Description of the task
Transcribe exactly the lines below that begin at the line with "Напольный газовый котел" and stop after the line with "Ansichtskarten: Bayern: BAD", leaving out every picture.

Records
::::::::
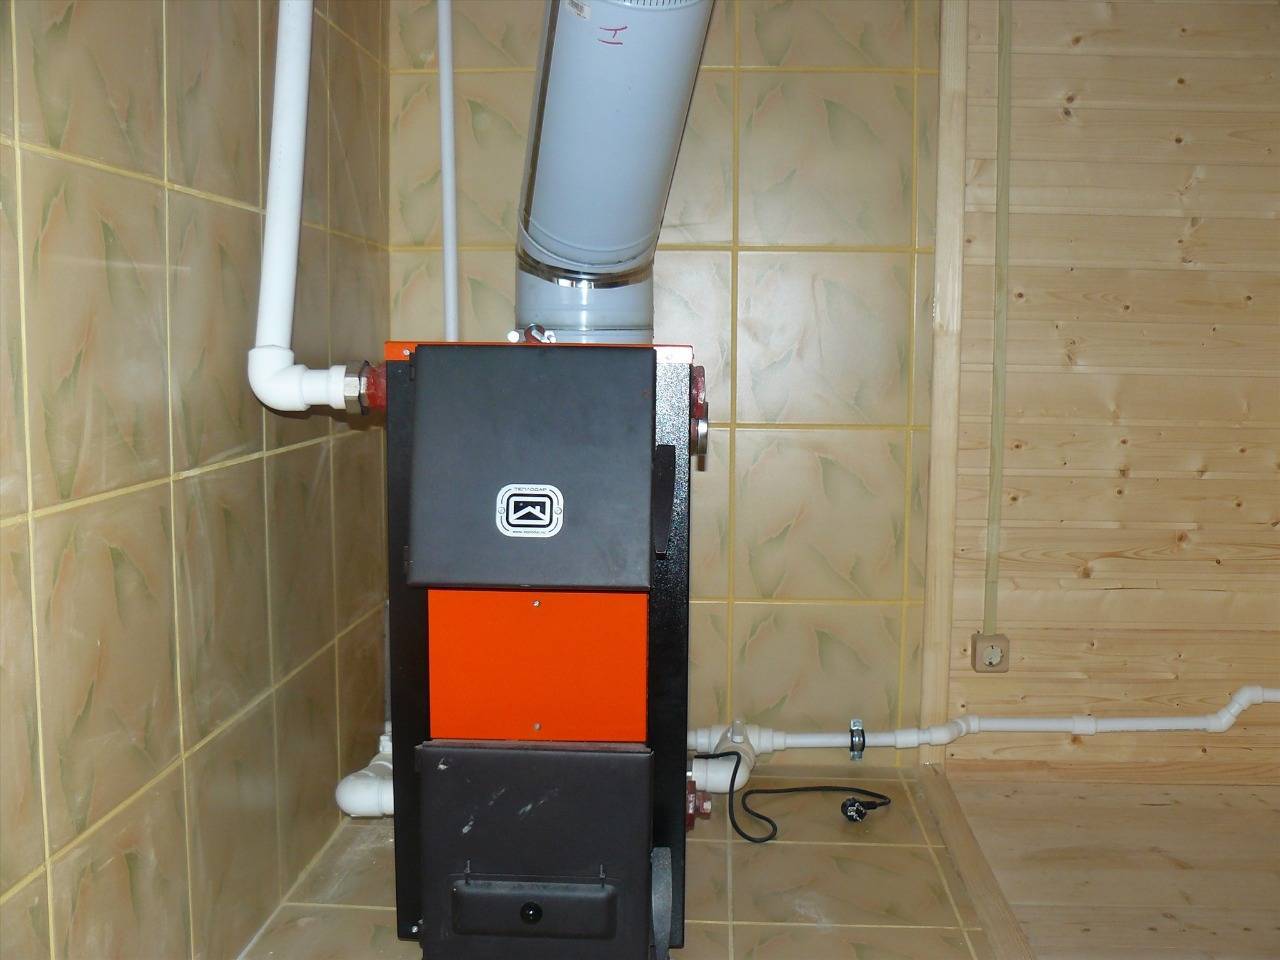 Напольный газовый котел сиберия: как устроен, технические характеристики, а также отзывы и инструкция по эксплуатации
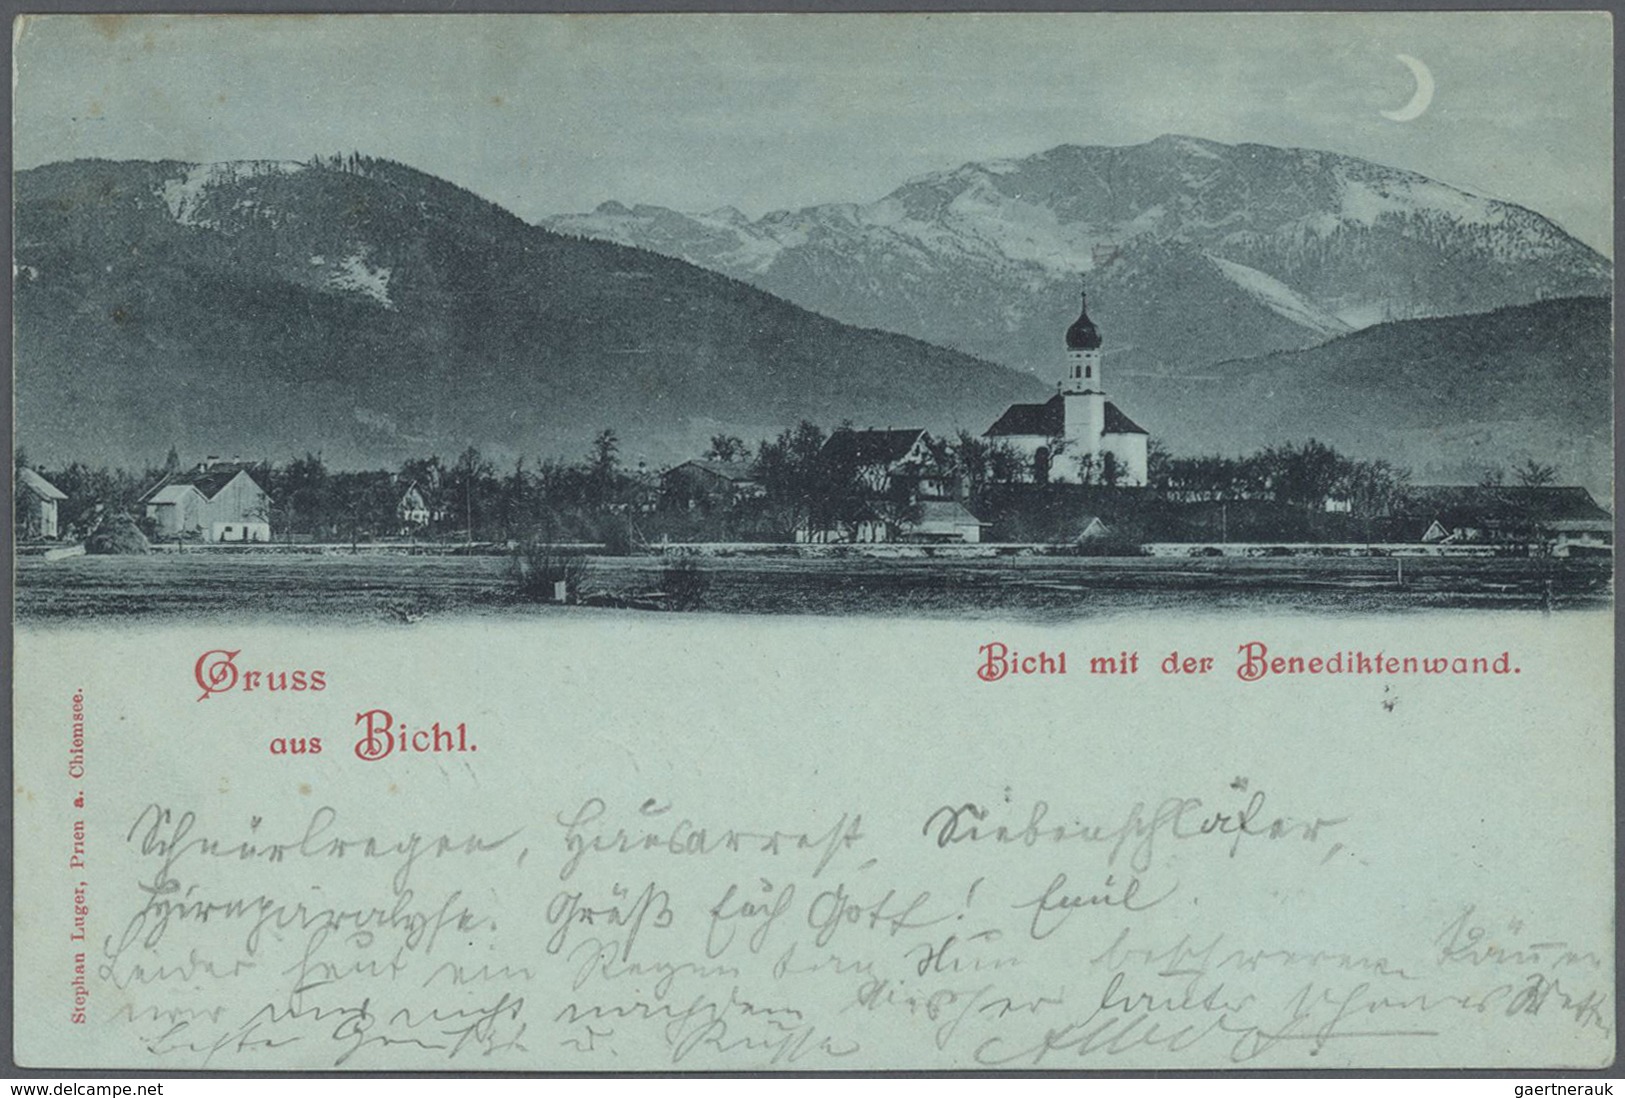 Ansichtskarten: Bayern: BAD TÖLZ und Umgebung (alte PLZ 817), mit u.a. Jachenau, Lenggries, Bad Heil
::::::::
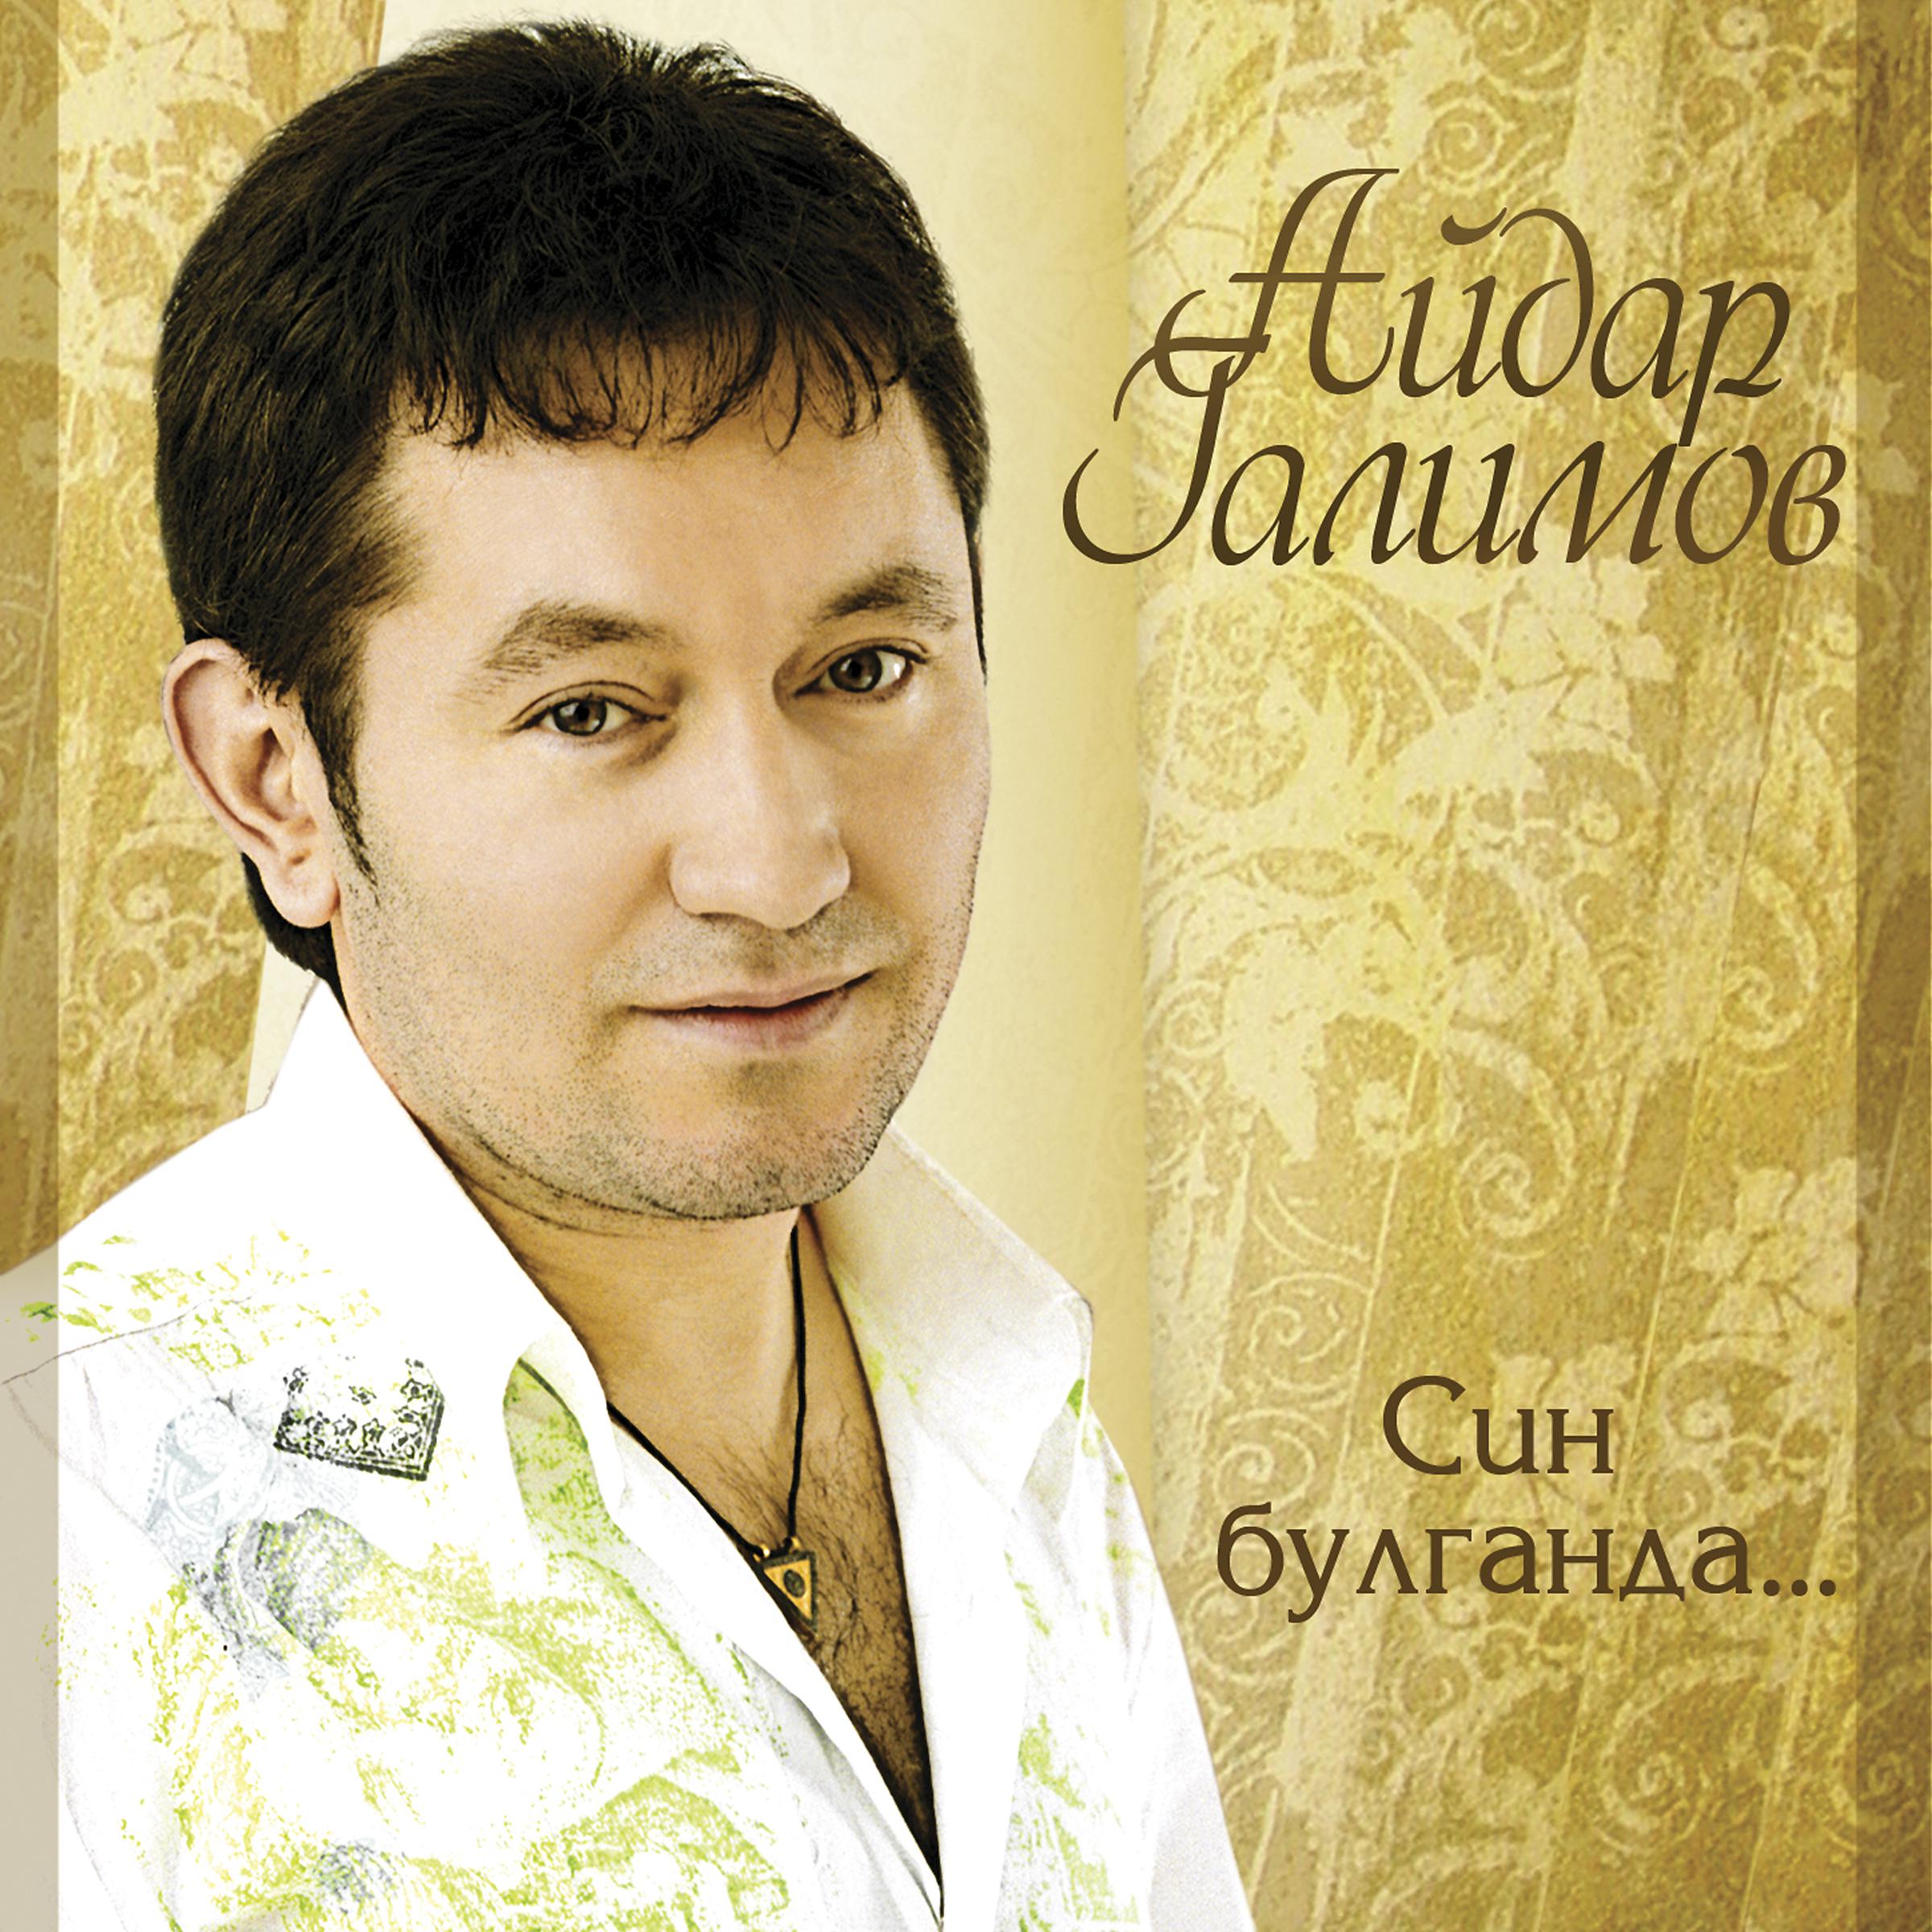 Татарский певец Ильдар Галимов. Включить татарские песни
::::::::
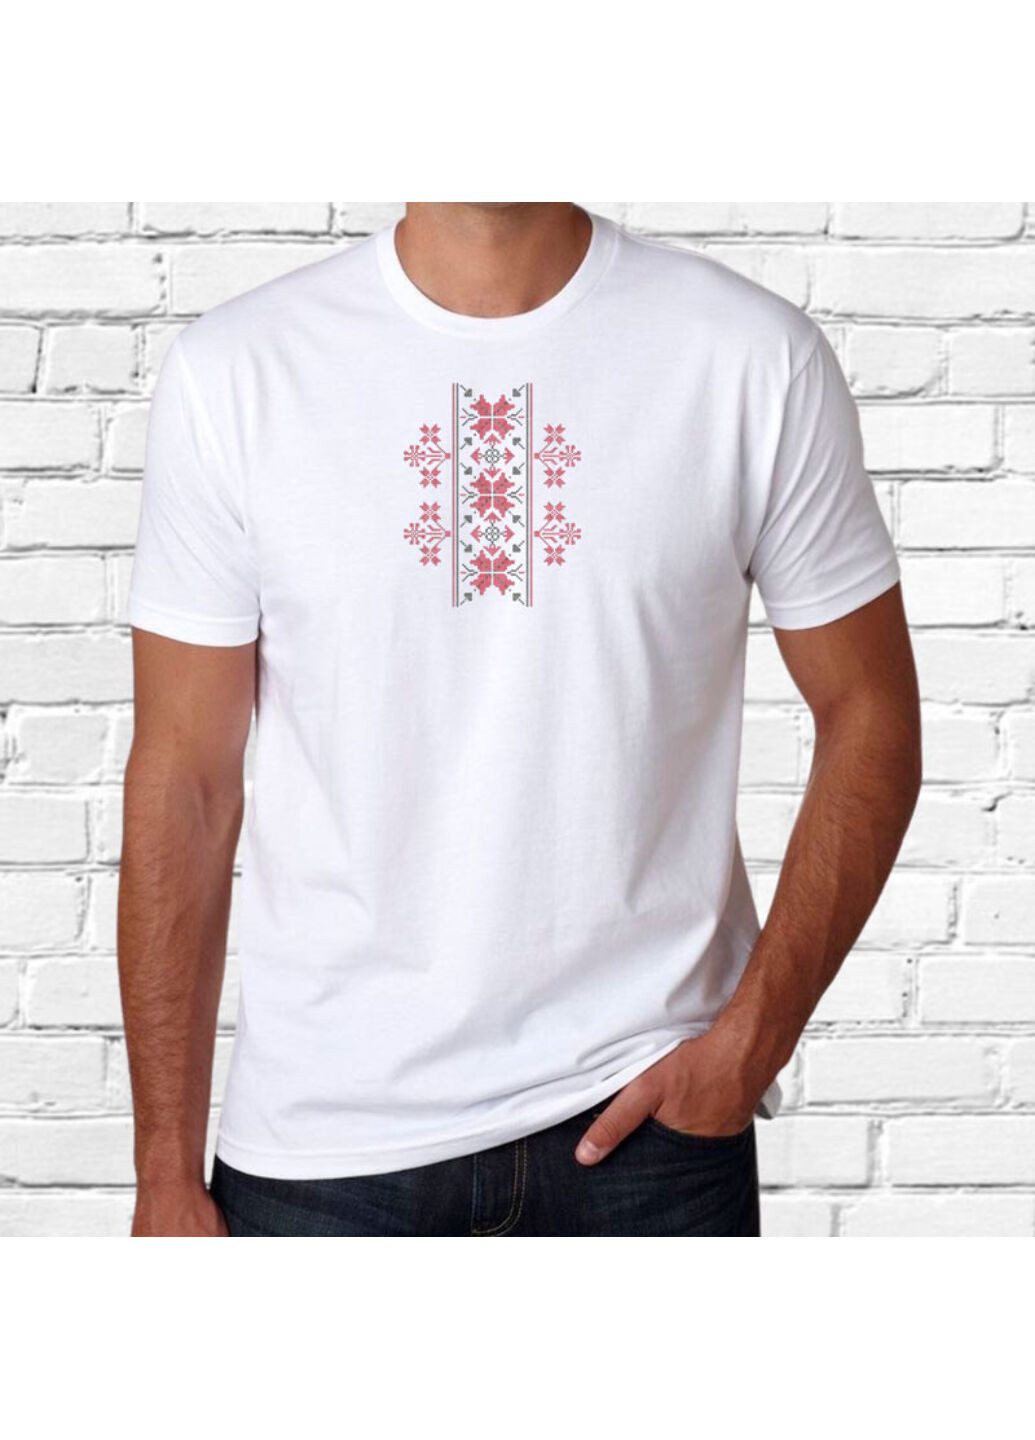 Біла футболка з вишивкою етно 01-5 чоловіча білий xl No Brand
::::::::
Exercise solution
 Напольный газовый котел сиберия: как устроен, технические характеристики, а также отзывы и инструкция по эксплуатации
 Ansichtskarten: Bayern: BAD TÖLZ und Umgebung (alte PLZ 817), mit u.a. Jachenau, Lenggries, Bad Heil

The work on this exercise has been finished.